It starts out like any one of a number of anti-aging treatments: rub some goo on your face, wait for it to dry. But this isn’t a skin cream or wrinkle serum, it’s an invisible polymer “second skin” that dries to tighten wrinkles and reduce skin sagging.
“You put it on as an ointment, and it becomes a patch,” said Robert Langer, professor at the Massachusetts Institute of Technology and a founder of Olivo Laboratories, the company developing the fake skin. Researchers detailed the technology in a new paper published Monday.
Put on as a daily mask, the skin becomes a kind of temporary cosmetic intervention. Further out, its developers hope the fake skin could be loaded with medications that would be absorbed through a person’s real skin.
To put on the skin, you apply two gels. The first is clear; the second, cloudy. As the gels dry, they harden into a flexible film that sticks onto your real skin not unlike the clear part of a temporary tattoo. After a few hours, it’s difficult to see the boundary between the two — the silicon-based material is specially designed with a matte finish so that it doesn’t draw attention. This stands in contrast to conventional patches, which may be transparent but are still visible.
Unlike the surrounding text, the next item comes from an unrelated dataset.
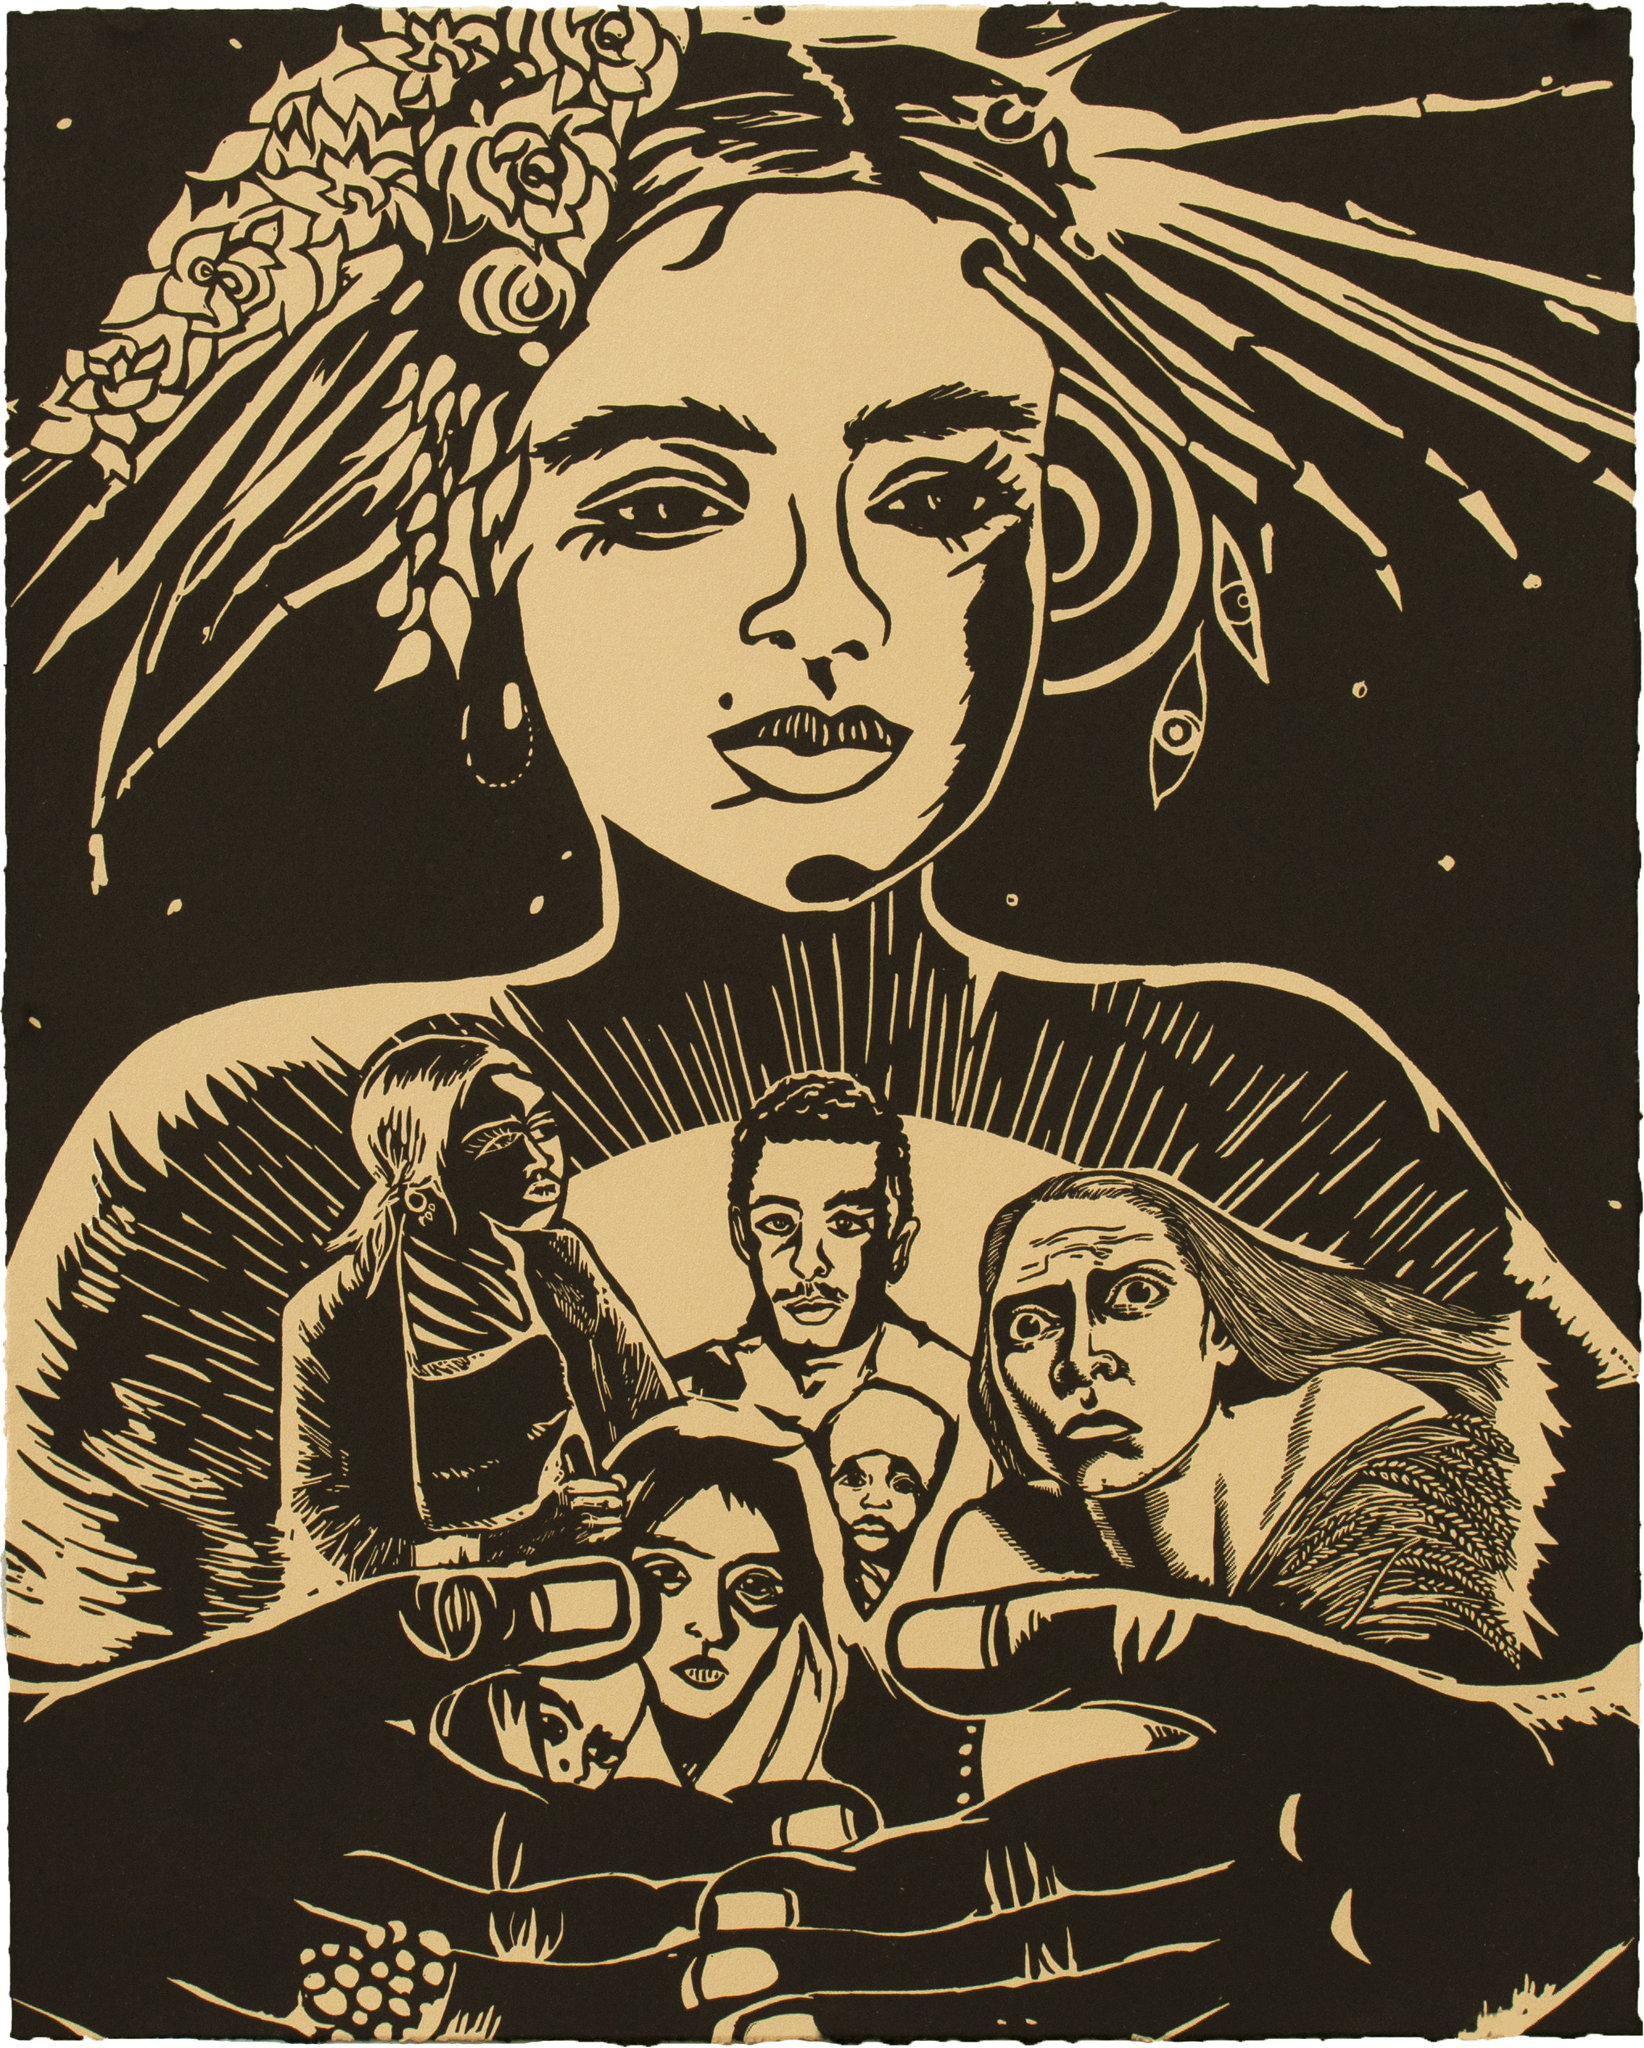  Chitra Ganesh,  Refugees and Queen , 2018, Linocut BFK Rives Tan, 280gsm, Edition of 35, 20 1/ 8 x 16 1/8 inches (51.1 x 41 cm) 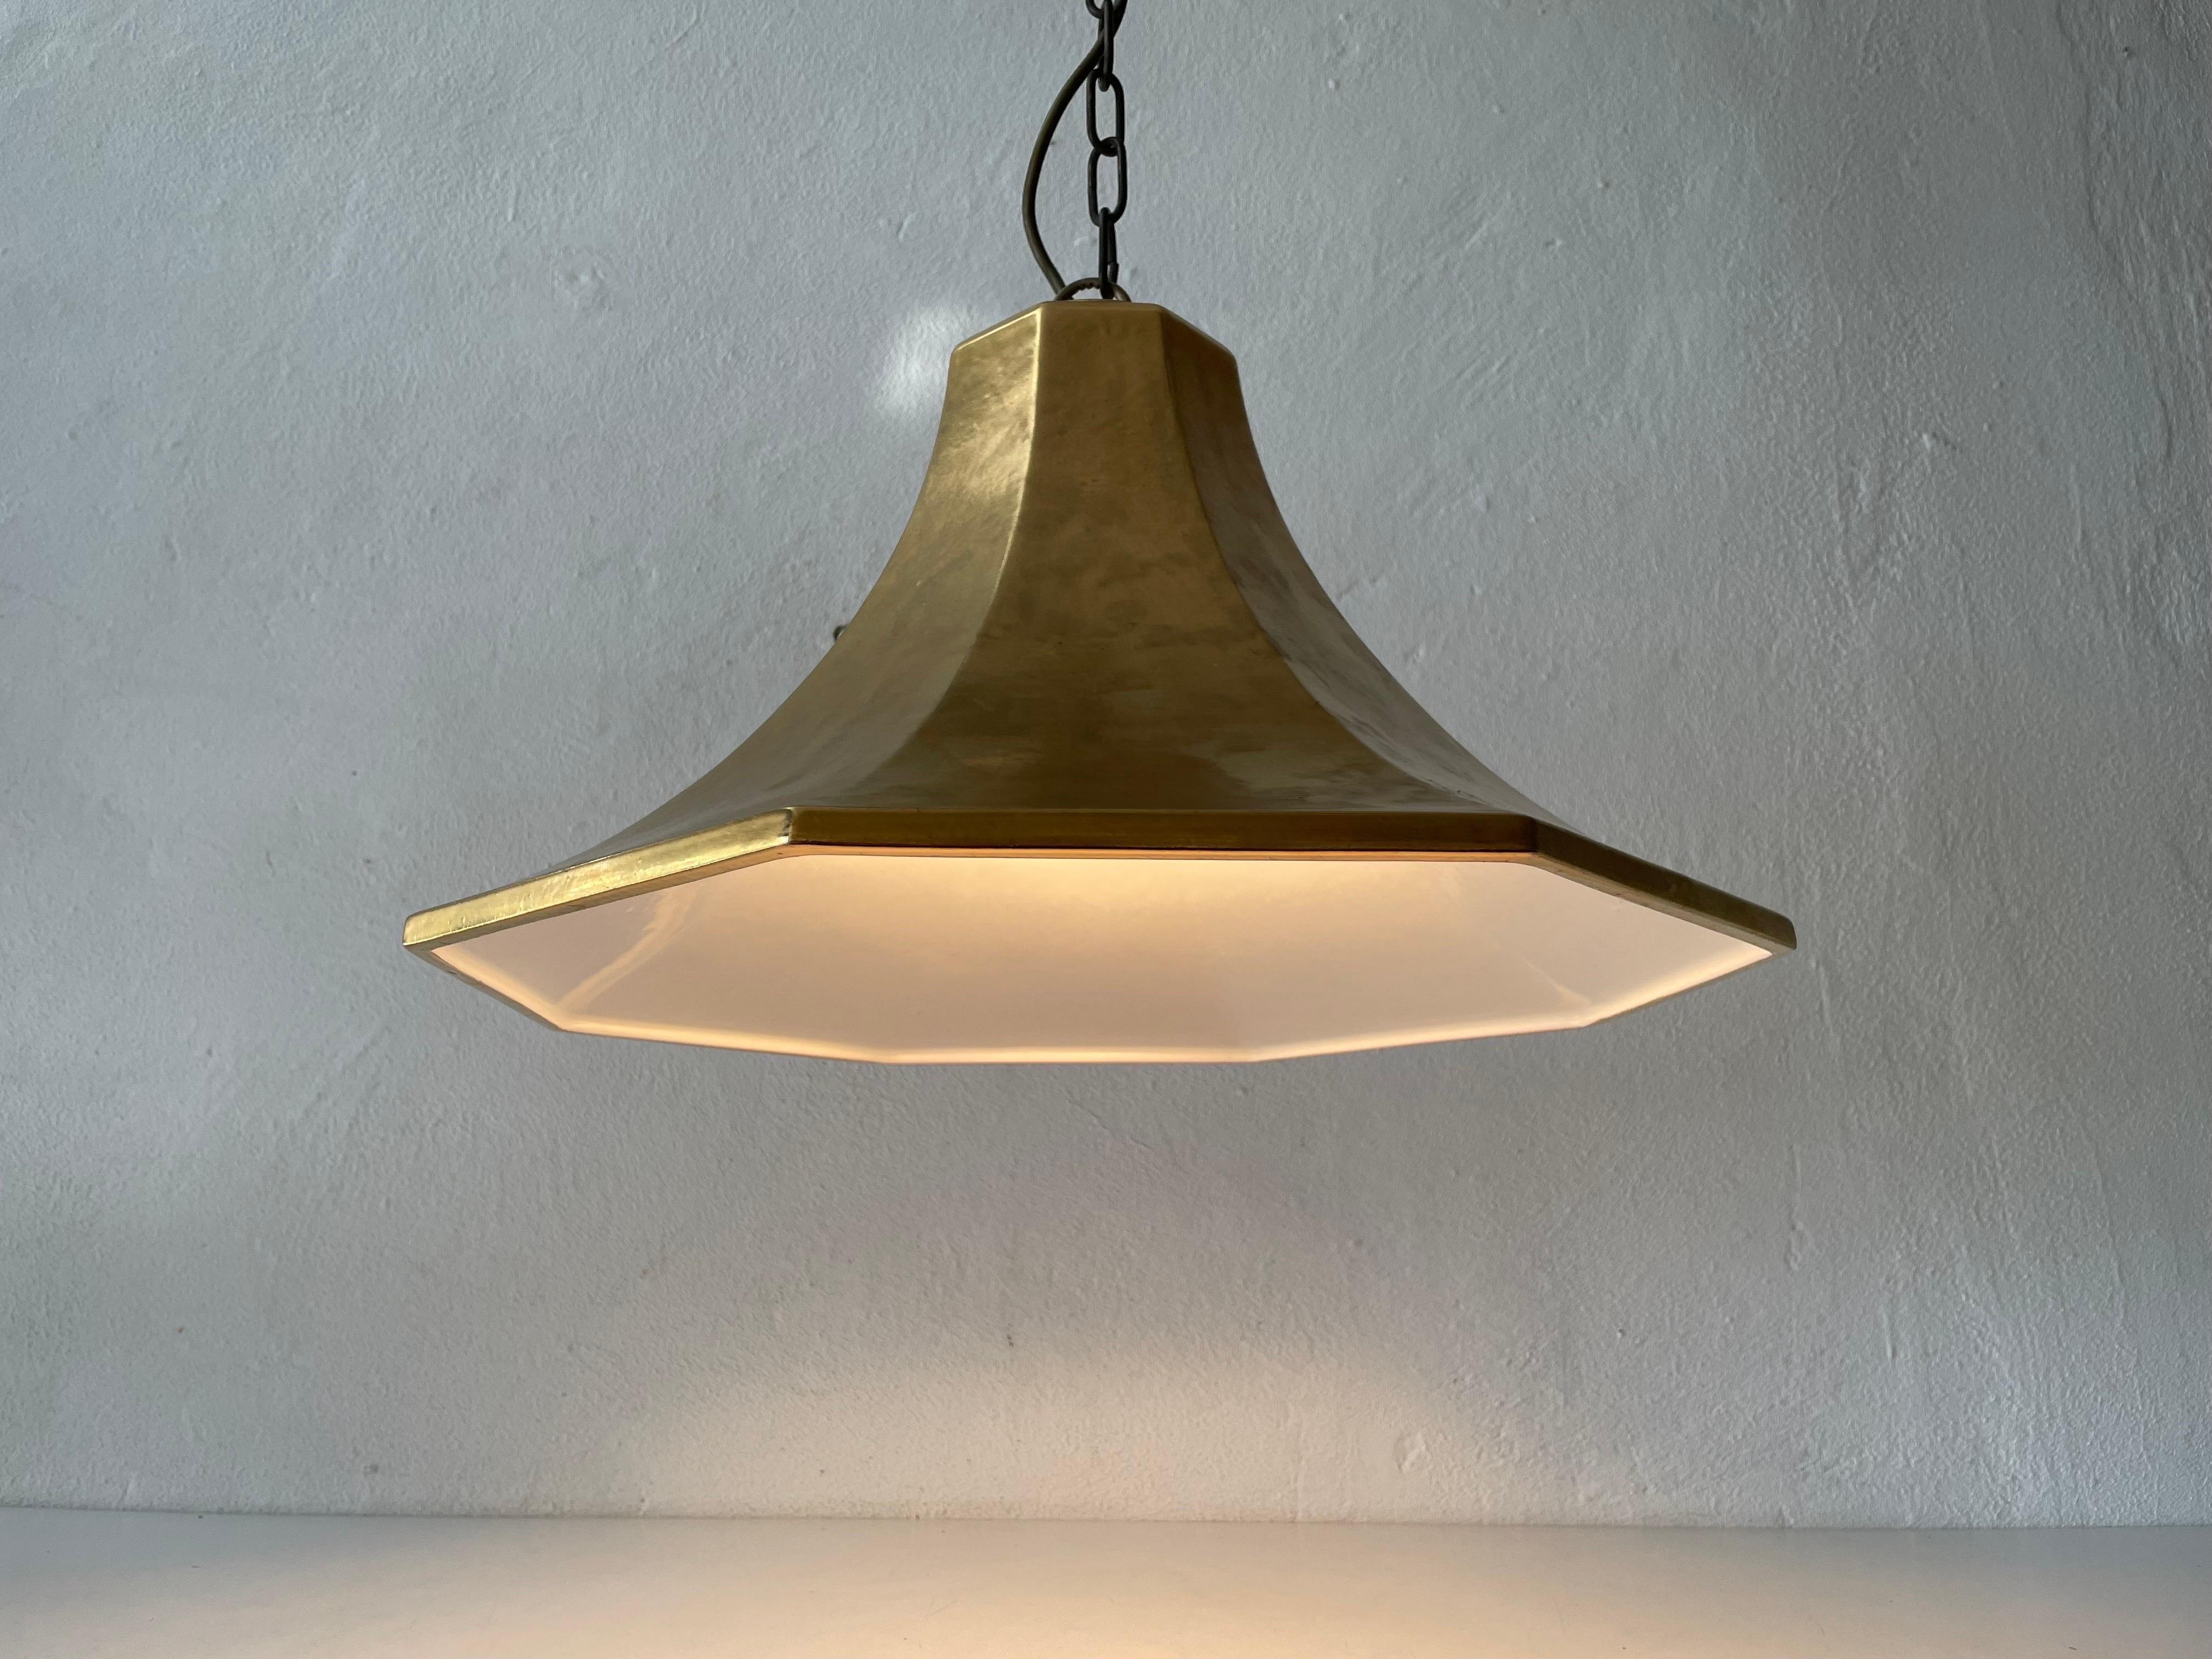 Exclusive Gold Ceramic Pendant Lamp by Licht+Wohnen, Karlsruhe, 1970s, Germany For Sale 4

As the gels dry to form the artificial skin, it pulls on and changes the shape of the real skin, and, with the proper application, could hide wrinkles or other properties associated with aging skin. In the paper, the authors demonstrated that the artificial skin was effective at removing bags and smoothing wrinkles under the eyes.
“Nobody dies of under-eye bags,” acknowledged Dr. Barbara Gilchrest, a dermatologist at Harvard Medical School and author of the paper, published in Nature Materials. But they do have social consequences for people. “It makes them look old. It makes them look tired. It makes them look sad. In our society, it’s considered very unattractive, and it’s a marker of aging.”
For medical use, Langer said that the artificial skin has many advantages over products currently on the market. You can change the properties of the film — for example, its thickness, breathability, or elasticity — depending on the desired effect. You can also spread it over as large or small an area as you want. Currently, people who wear medicinal patches — like NicoDerm— are limited by commercially available sizes.
For some conditions, like eczema and psoriasis, the area needing treatment may span much of the body, in which case an easily applied, drug-laden artificial skin could be a much better treatment option than a current approach, of slathering on a cream and wrapping the body in a kind of plastic wrap, Gilchrest said.
Samir Mitragotri, who studies drug delivery through the skin in his lab at the University of California, Santa Barbara, said he hadn’t before seen any material so transparent and so effective at changing the mechanical properties of the skin. Mitragotri, who was not involved in the study, called the approach “radical and revolutionary.”
The fake skin is in human trials, with a couple hundred individuals already tested. The company is working on developing the skin as a platform, after which they could decide to customize it by adding drugs.
Amir Nashat, acting chief executive officer of Olivo and managing partner at venture capital firm Polaris Partners, said the company is spending the majority of its time focusing on the medical application of the second skin. On a further horizon, the paper noted, those might include “durable ultraviolet protection” or using the skin to conceal disfiguring birthmarks.
But at present, the main thrust of the research they’ve published is cosmetic. It’s part of an over $60 billion cosmetics industry, which taps into an age-old desire for humans to retain their youthfulness.
But focusing our attention on making us look younger doesn’t properly address the underlying discomfort we have with being old, argues Cara Kiernan Fallon, a history of science PhD candidate at Harvard studying attitudes toward aging.
The proportion of Americans who are over 65 is at an all-time high, “and yet this had not led to widespread acceptance of physical changes, but instead a massive market for all kinds of procedures and products to remain young,” she said.
“How can we age if, in essence, the only way to do it well is to not age at all?”